The Revolutions of 1848 ultimately involved 50 countries throughout Europe and Latin America. At the time, there was no coordination among dissenters, but widespread dissatisfaction with political leadership was infectious across borders and beyond ethnic differences. Citizens of the world wanted more participation in how their lives were determined, i.e., democracy. Tens of thousands lost their lives in a futile effort, a bloody affaire that ended as abruptly as it began, within one year, forever memorialized by the words of Pierre-Joseph Proudhon (French philosopher and economic theorist, 1809-1865), “We have been beaten and humiliated… scattered, imprisoned, disarmed and gagged. The fate of European democracy has slipped from our hands.”

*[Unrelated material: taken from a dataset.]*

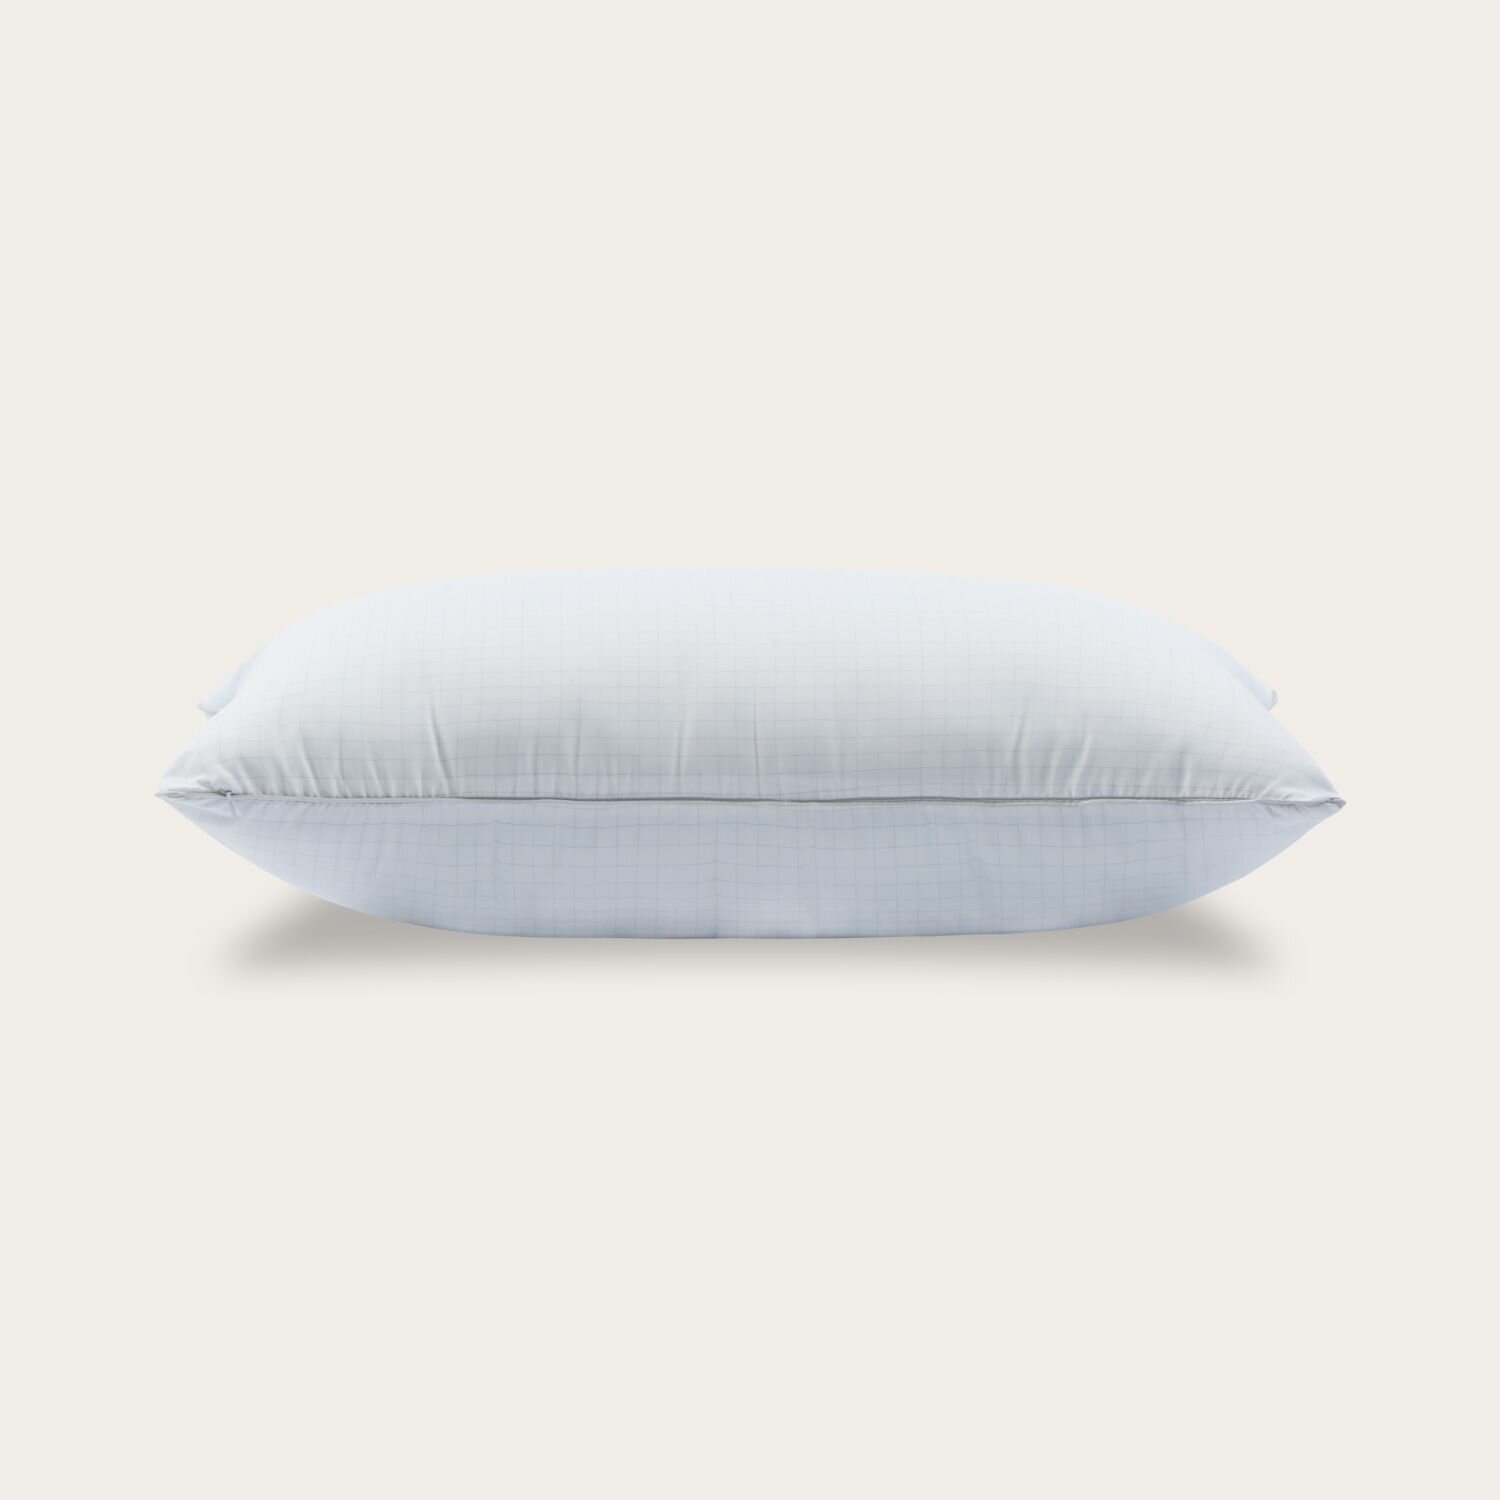 Подушка для сна и отдыха SONNO BLACK MAGIC, с регулируемой жесткостью, гипоаллергенная, упругая, 70х70 см

Dissatisfaction with political leadership (and, by inference, the capitalist state) today is more ubiquitous than in 1848 because instantaneous communication knows no barriers. Furthermore, what is known is this: Capitalism has failed as an economic system for society at large. By disproportionately favoring an elite minority who have gamed their own system, thus, sealing their own fate, capitalism has become as pejorative a term today as aristocrat was in 1848. And, because history has demonstrated, time and again, that no socio-economic system is static, this brings to the forefront questions about the likely life cycle for modern-day capitalism. Is it an economic system that has outlived its usefulness? And, if so, then, where are the various impulses of dissent headed, pointed in what direction, if not capitalism? These are questions that would otherwise be deemed inappropriate, if not for the current state of world affaires, but the answers are yet to be formulated.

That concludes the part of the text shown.